As efficient OVs, HSV has some ability to escape the host’s immune response including: To complement and incapacitate immunoglobulins via viral glycoproteins; to inhibit the production of cytokine/chemokine from infected cells [10]; to block the antigen presenting cells’ (APCs) maturation [11]; to evade host immunological surveillance via negative-regulation of the expression of MHC class I [12] and to inhibit the apoptosis and cell death induced by cytotoxic T lymphocyte(TL) [13]. For deletion or mutation of those genes that were involved in HSV’s escape through its host’ immune defense will prohibit its replication in normal cells. Tumor microenvironment is often in an immunosuppressive state, which may allow the virus’ entry and replication, which in turns eventually leads to the dissolution and death of tumor cells (Fig. 1). oHSV can also reverse the immune suppression of tumor microenvironment, enhance tumor immunogenicity, promote the infiltration of inflammatory cells, and play an effective anti-tumor effect.

Fig. 1
figure 1

Mechanisms of oncolytic virus selective killing tumor cells. Local replication of oncolytic virus induces lysis of tumor cells results in release of tumor-derived antigens which promote the activity of the cancer-immunity cycle, resulting in the specific antitumor immunity in the course of its oncolytic activities that act on remote lesions, ultimately killing the tumor cells selectively

This review elaborates on how the HSV surmounts the anti-viral defense mechanism of the host; the oHSVs’ involvements in deletion or modification of viral gene and the clinical development of oHSV. A better understanding of the complex pattern of the interaction between HSV and host, and combination with current clinical oHSV is essential to the refinements the strategy of oHSV, thus to improve the therapeutic effects and to comprehend the oHSV immune imperfection.

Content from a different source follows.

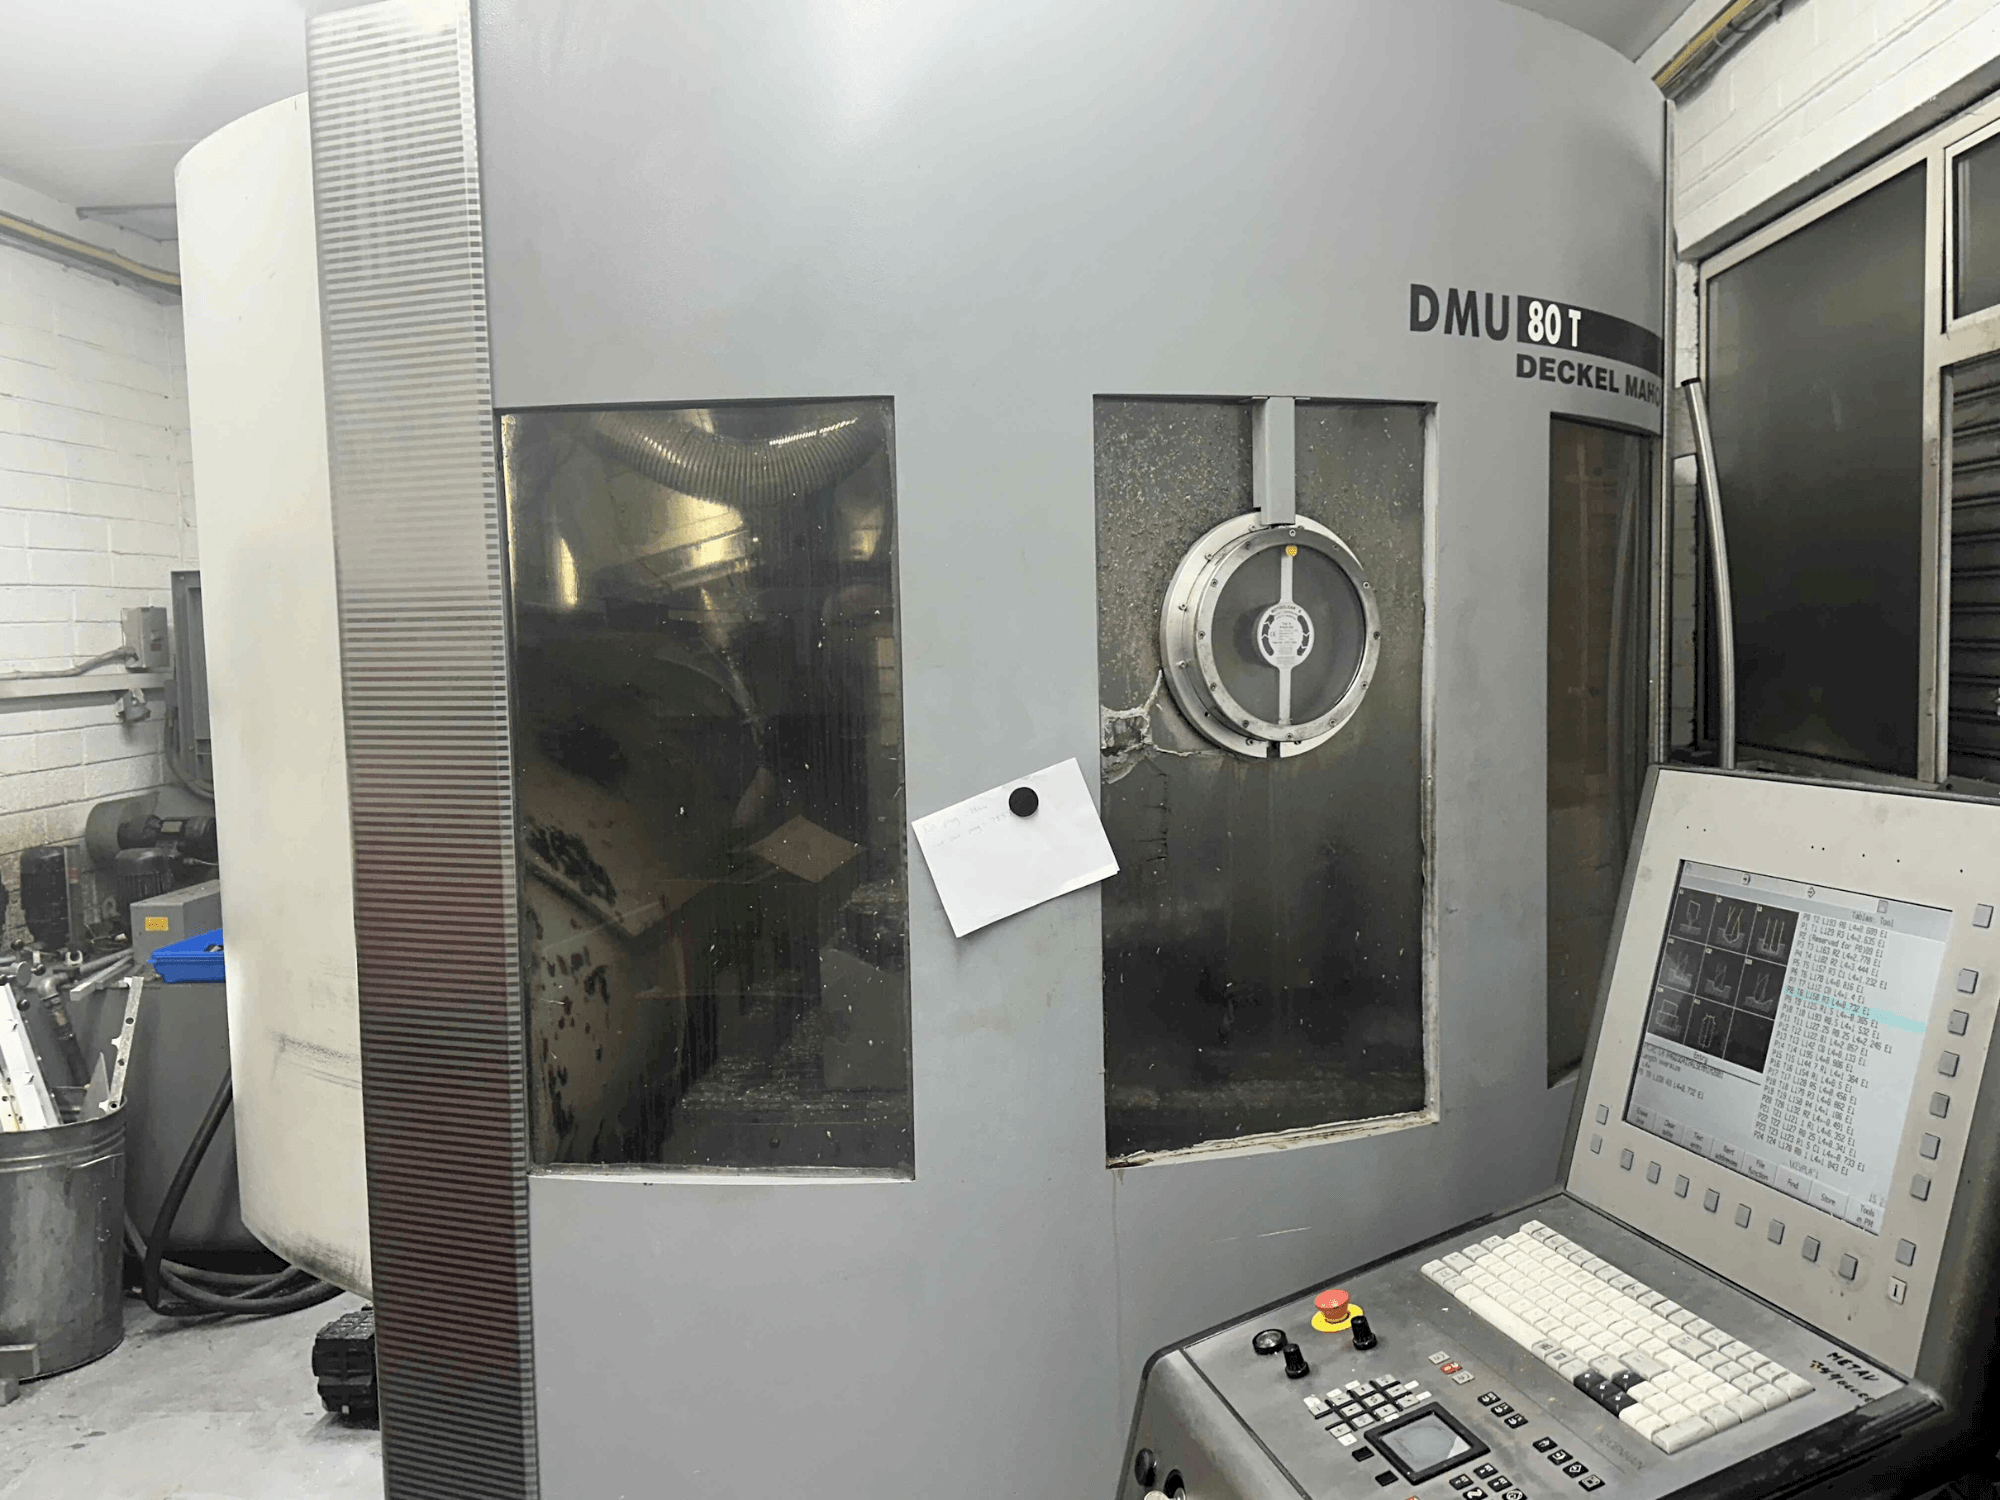 Frontansicht der DECKEL MAHO DMU 80T (2002)  Maschine

The mechanism of HSV confronted the host immune response

The infection of HSV causes to a cascade reaction of host anti-viral immunity responses. As a successful pathogen, HSV expresses proteins which are involved in inducing and activating host responses, so that the virus can escape from the immune system and set up effective long-term latent infection. HSV has various mechanisms to escape the host reactions (Fig. 2):

Fig. 2
figure 2

Mechanism of HSV evades host immune responses. HSV expresses genes which evade host immune surveillance via inactive immune regulation factor involved in the antiviral inmate immunity pathway, such the TLR signaling pathway, RLR signaling pathway and the DNA sensor signaling pathway

Envelope glycoprotein

The envelope glycoproteins of HSV can escape humoral immunity mechanisms, such as Glycoprotein C binding and inactivating properdin and complement protein C3b, C5 to protect the virus from virus neutralization mediated by complement induced via natural IgM and antibody-independent complement neutralization [14, 15]. gE and gI encode Fc receptors, which can attach to IgG [16]. This binding inactivation of complement mediated via antibody and cytotoxicity of antibody dependence conduce pathogenicity [17]. gD inhibit the expression of CD112, which binds to the natural killer (NK) cells excitating receptors DNAX accessory molecule 1 (DNAM1), leading to a noneffective binding and lysis to HSV-infected or gD-transfected cells via NK [18]. HSV inhibits the expression of CD1d, surface molecules of APCs, and thus reduces NKT cells stimulate [19].

Immune evasion genes

A series of genes encoded via HSV escape the host antiviral immune monitoring mechanism [10, 20]. In cancer cells, some of these pathways are flawed [21]. Interferon (IFN) 1 signaling pathway, crucial for antiviral innate immunity [22], relates to genes that are involved in pathways such as the TLR signaling pathway: Us3 inhibit the signal transmission of TLR3 and TLR2 to TRAF6 [23], deubiquitinase for UL36 down-regulate the expression of TRAF3 [20], ICP0 inhibite the expression of P50 and P65, the subunits of MyD88 and NF-κB [24], UL42 and Us3 inhibit the process of nuclear translocation via NF-κB [25, 26], and ICP27 bind to IκBa inhibits NF-κB [27]. In the RLR signaling pathway: the Us11 can combine with RIG-I and MDA-5, thus inhibits the integration with MAVS [28, 29]. ICP34.5 inhibit the phosphorylation of IRF3 by binding TBK1 [30], US3 inhibit production of IFN-β via hyperphosphorylation of IFN regulatory factor 3 (IRF3) [31], ICP0 prevents IRF3 sustained activation, thus inhibiting translocation from the nucleus to cytoplasm [32]. Influence of the DNA sensor signaling pathway is also present: IFI16, involved in sensing pathogen DNA and initiating signaling pathways, inhibits via ICP0 in the nucleus [33]. In addition, IFN-stimulated genes, UL41 the virion host shutoff protein (Vhs), inhibits viperin, ZAP, and tetherin via degraded mRNA [20, 34], Us11 inhibits OAS [35] and protein kinase R (PKR) [36]. Eukaryotic Initiation Factor 2 (eIF2a) phosphorylated via PKR, shuts down the synthesis of protein. ICP27 blocks the phosphorylation and activation of STAT-1 [37]. Due to the defection of cancer cells in IFN signaling [38], deletion or mutation in these immune evasion genes such as ICP34.5, ICP0, Us3 in oHSV will avail ourselves of a cancer therapy [21].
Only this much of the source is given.